Texture metrics are dependent on several parameters [28]. The technical implementation of each metric, the segmentation method used, scan acquisition, image smoothing, influence of quantisation and reconstruction parameters all influence the texture analysis results [3, 11, 29]. There are also limitations specific to PET images, given the relatively large voxel volume and presence of noise artefact [30]. Standardisation of texture analysis techniques are essential for multi-centre comparison studies and development of externally validated prognostic models [11, 31].

In this study, the texture metrics were derived using the ATLAAS algorithm and a standardised workflow was implemented to ensure reproducible and consistent methods. The benefit of ATLAAS is that the best fitting PET automatic segmentation (PET-AS) method is selected in each individual case from a range of segmentation methods that are built into the ATLAAS algorithm. Commonly used PET-AS methods built into the ATLAAS algorithm include adaptive thresholding, Fuzzy C-means (FCM) and region-growing (RG) methods [9]. ATLAAS was originally designed and tested on patients with FDG-avid head and neck tumours. However, it is also applicable to other FDG-avid tumour sites and validation studies are on-going at our institution. Although a new version of ATLAAS had not specifically been designed for this prognostic OC model, visual inspection of the segmented tumour was performed in each case to ensure an appropriate contour had been produced. A benefit of ATLAAS is that tumour segmentation occurs within seconds once the bounding box has been created.

Strengths of study

This study provides development and internal validation of a prognostic model incorporating PET texture metrics in 403 patients with OC. ATLAAS is a novel machine-learning method that provides robust segmentation results and removes variability by standardising image segmentation. Appropriate statistical methods have been used in this study [23]. The regional upper GI cancer MDT covers a large population of approximately 1.4 million and benefits from the input of highly experienced radiologists, oncologists and surgeons [32].

Limitations of study

As this study is retrospective, treatment was included in the model and simplified into two groups, curative and palliative. However, the test for interaction showed that the prognostic score could be used in both curative and palliative cohorts with no significant difference in performance. This prognostic model excludes patients with an MTV of less than 5 ml because the quality of the additional data obtained from these models in uncertain [19]. This criterion excludes 11.6% of potential patients from this study. Another prognostic model including small tumour volumes should be developed for these patients but this model is applicable to many patients with FDG-avid oesophageal tumours.
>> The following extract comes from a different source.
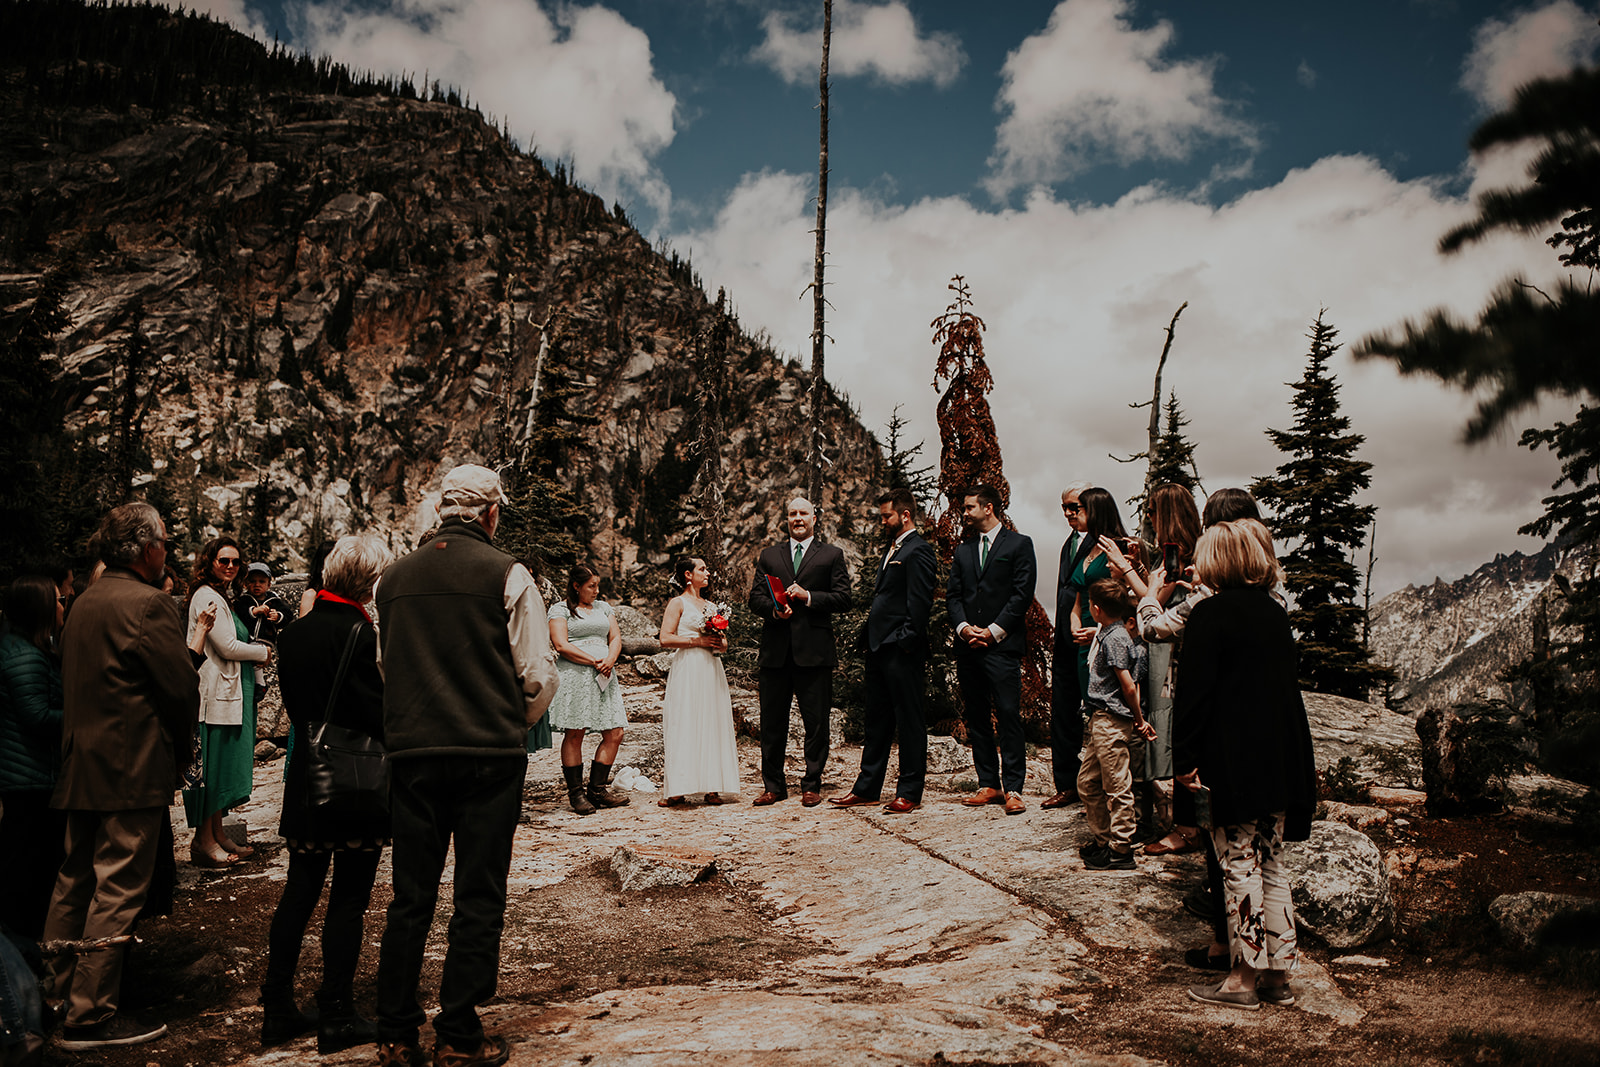 winthrop-wedding-photographer-megan-gallagher-photography (10).jpg

In conclusion, this large study has developed and validated a prognostic model that demonstrates the additional value of PET texture analysis in OC staging. Three PET metrics, log(TLG), log(Histogram Energy) and Histogram Kurtosis, were identified as potentially important variables. These metrics were derived using ATLAAS, a novel machine-learning method designed to optimise and standardise image segmentation. This prognostic model requires further internal and external validation but may be used as a ‘benchmark’ for further studies investigating the value of PET texture analysis in OC. This study highlights the additional benefit of quantitative imaging techniques in cancer staging, which have the potential to improve patient risk stratification.